9 thoughts on “Married Couple’s Tax Allowance: Let’s talk about sexism

    1. Unfortunately it is born out by the data in some instances, although Sarah misses out tobacco. Women are actually much more likely to spend the money on the kids as well as themselves and things which benefit the whole family.

      (Most recent that I can think of is in central America looking at evaluating some of the transfer programmes there, but it also happens in older European data – you could argue that we’ve moved to a more equal state of affairs since then but I haven’t seen data either way on that).

      1. Hi Geeky. I think you need to be careful about such ‘data’ and how it is used.
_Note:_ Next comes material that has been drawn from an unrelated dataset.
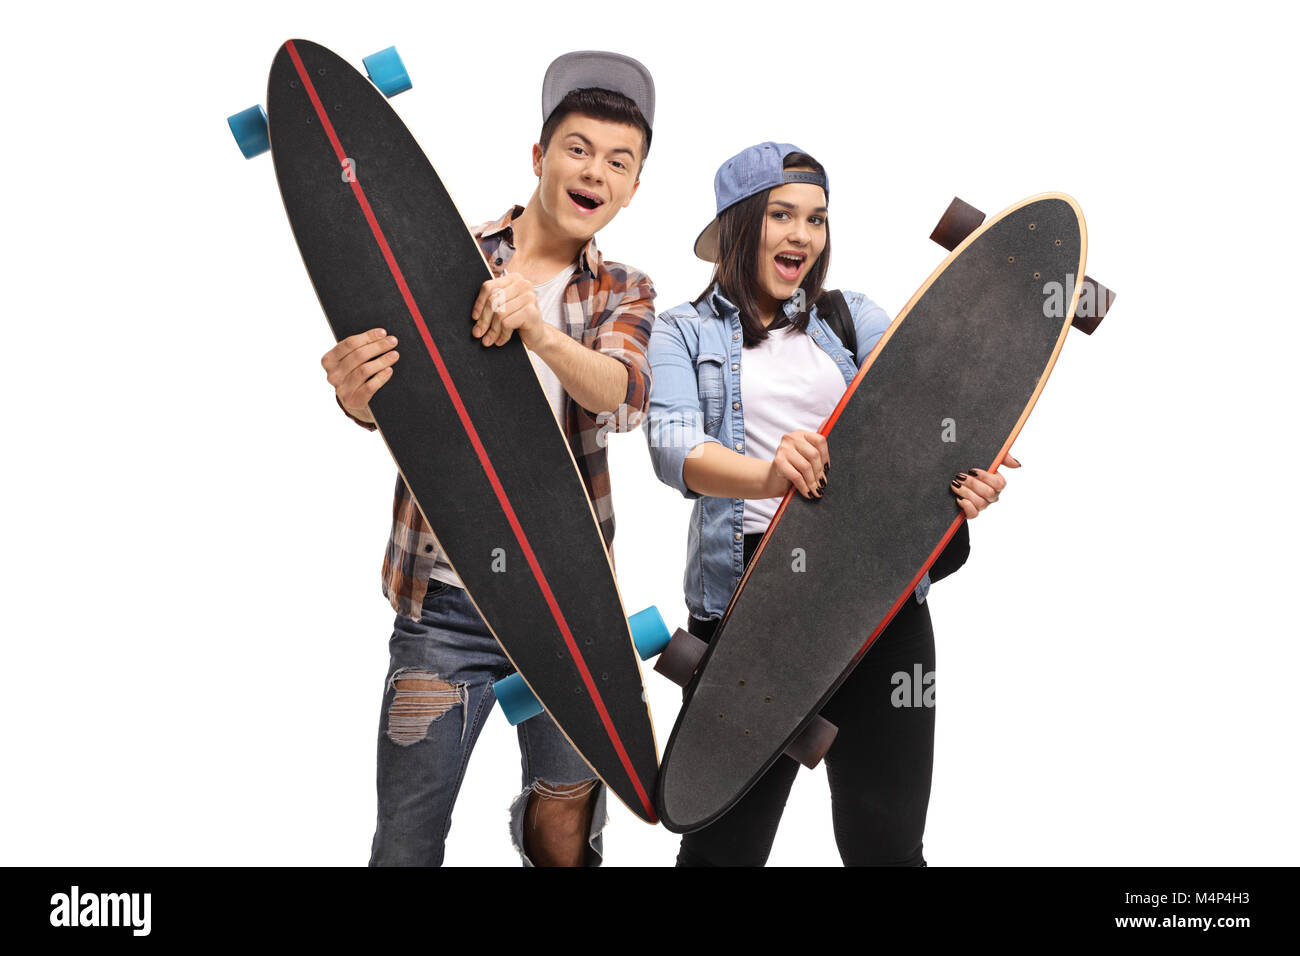 Joyful teenagers with longboards isolated on white background Stock Photo

The fact that a person purchases something (because that is the division of responsibility within a family) does not equate to that person being more child-focused in their spending. Neither should we ignore the fact that most of these studies are funded and researched by standpoint academics whose purpose is to transfer money ‘from the wallet to the purse’. Financial independence was a key aim of second wave feminists and it spawned a huge academic industry to support it. Women’s financial independence is a perfectly laudable aim, but to justify it by suggesting that fathers spend money on themselves and not there family, is shameful. Let’s not forget that British men work some of the longest hours in the industrial world and that is spent across the family. As someone who works very closely with families and works on policy around families, I find Sarah Ditum’s comments as juvenile as I would someone who claimed that women spend all the household income on bingo, vodka and make up. It’s just silly.

        1. I’m not talking about individual spending on certain items, on which I take your point, but changes in household spending depending on who is receiving the money. There are several economic models which look at household decision making over types of work (paid, unpaid in the home) and consumption/purchases. One idea is the “unitary model” in which it doesn’t matter who brings in the money, the household makes a decision effectively as a single unit based on the income available. However other models of all varieties place importance on who brings in that money. Time and again empirical research has refuted the unitary model, and a common way of doing this is by looking at cash transfers to women. Sometimes these are new benefits for the family, sometimes (like for UK child benefit) you’re looking at a change in allocation from father to mother. Many of these instances find not only that consumption patterns are affected by who receives these transfers, but also that spending on children increases if mothers receive the transfers.

  1. “husbands being rewarded for having wives who don’t earn — rankles” << This. Davey-babes wants to go back to the 50s. Such a sunny time for women. Frightening.

    1. What is the *deal* with politicians right now?? Here in the U.S. most of them appear to be trying their very, very hardest to head back to the ’50s. It’s an awfully scary time!